Tien jaar lang al zijn de Portables de trotse belhamels van de Vlaamse postpop, en dat wordt door de groep gevierd met de langverwachte release van hun vijfde studioplaat, Topless Is More. Het enthousiasme wordt na enkele luisterbeurten echter gauw getemperd en de feesthoedjes gaan weer de kast in.
Het had heel wat voeten in de aarde eer de opvolger van Girls Beware in de winkels lag. De Portables' label, (K-RAA-K)³, was immers niet te vinden voor de nieuwe plaat, en de groep zocht zijn heil bij het Brusselse Still om de nieuwe aan de man te brengen. Eerlijk gezegd snappen we wel waarom (K-RAA-K)³ het album niet in zijn stal zag passen. Topless Is More is namelijk nog een pak conventioneler en poppier dan we reeds van Ghent’s finest gewoon waren, en de koerswijziging roept toch enkele serieuze vraagtekens op. Moeten we de Portables nu met bloemenkransen overladen of veeleer met pek en veren de stad uit jagen?
Er staan natuurlijk geen afschuwelijke of gehoorgangmartelende nummers op Topless Is More, maar toch kan ongeveer de helft van dit album gemakkelijkheidhalve onder de noemer “vulsel” geplaatst worden. Nummers als “Bulletbabe”, waarin een akoestisch niemendalletje halverwege via een technobruggetje omgebouwd wordt tot een would-be rocker, spelen met het gegeven van popmuziek zonder echt memorabel te zijn. Het korte “Autist Redding”, waarin foute trance-keyboardjes de plak zwaaien tot het nummer implodeert, is hiervan ook een schoolvoorbeeld; point taken. Wanneer de groep in “This Is A Song” de gitaren omgordt en het Pavement-gehalte danig de lucht in jaagt, valt het resultaat hooguit te bestempelen als generisch. Dit nummer mag dan wel leuk zijn, het voegt niets bijzonders toe aan het toch wel mooie oeuvre van de groep. Om nog maar te zwijgen van de circa 15 minuten met achtereenvolgens regenweer en gesnurk die achter “Triportit” geplakt werden; noem ons gerust droogstoppels, maar het nut ervan ontgaat ons volledig.
En dan zijn er nog de gemiste kansen.

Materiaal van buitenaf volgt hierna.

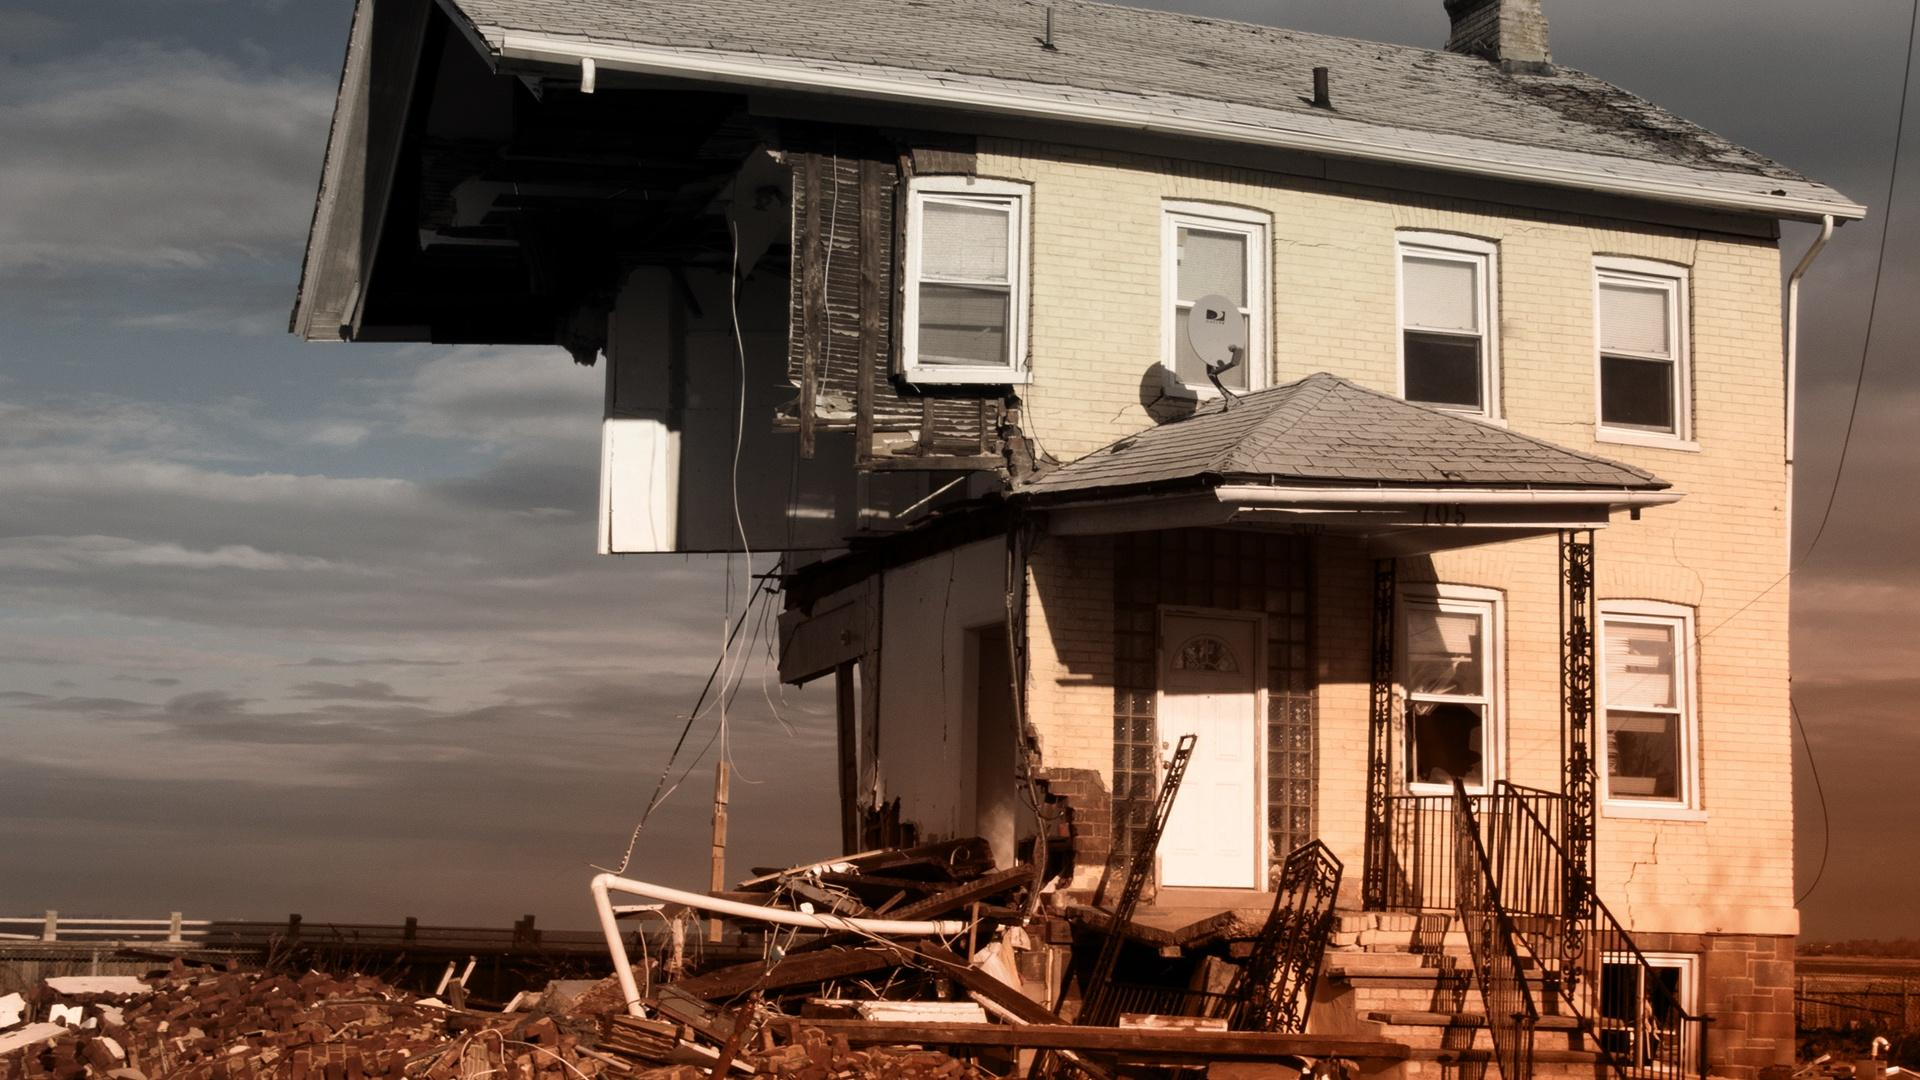 Megastorm Aftermath image

Het vrolijke, echoënde danspopriedeltje “Haut Gay”, dat de gemiddelde Stubru-luisteraar wel al eens door zijn radioboxen heeft horen waaien, is op zich ook best leuk, maar wordt op symfonische wijze gerekt tot maar liefst negen minuten; de lol is er dan al lang vanaf. Zelfs de geinige hidden track “The Indian Mahowhow”, een kort swingnummertje uit de oude doos, is geen excuus om de hele rit uit te zitten. Ook het trage, met seventies synth-klanken gevulde “Superdedubber” wordt negen volle minuten nergens naartoe gesleept, waardoor een potentiële monstersong vakkundig naar de haaien wordt geholpen.
Er zijn gelukkig ook nog een paar nummers die het middelmatige met gemak overstijgen en de plaat nog het beluisteren waard maken. Opener “Col Phillins” bijvoorbeeld, waarin er vanuit een hectische riff traag opgebouwd wordt tot een duizelingwekkende wall of sound waarvan Phil Spector gegarandeerd een hartaanval zou krijgen. Een betoverende tocht van start tot einde, wat ook gezegd mag worden van het lijzige “Plankier”, dat zijn onaardse schoonheid pas prijsgeeft na meerdere luisterbeurten. Ook het atmosferische “Vegetarian BBQ”, waarin nerveuze clicks and cuts, gitaargepingel en een dwingende baslijn de basis vormen, is een geweldig nummer dat langzaam opbouwt tot een ontladende climax. Het gezapige “In The Zoo, There's A Coo” is ook verplicht voer, al was het maar om te horen hoe de heren plots een filmische wervelwind van geluid opzetten en met volle kracht alles wegblazen. Akoestische afsluiter “Triportit” ten slotte blijft dankzij de door de vocoder gesleurde vocals zowaar interessant, en wordt zelfs hilarisch wanneer het nummer plots in een geüpdatete Frans chanson verandert, accordeon incluis.
Topless Is More is vooral een plaat geworden waarop het, op enkele uitzonderingen na, middelmaat troef is, met nummers die meestal wel leuk klinken maar om de een of andere reden niet blijven hangen. Misschien hadden ze het bij (K-RAA-K)³ dan toch bij het rechte eind.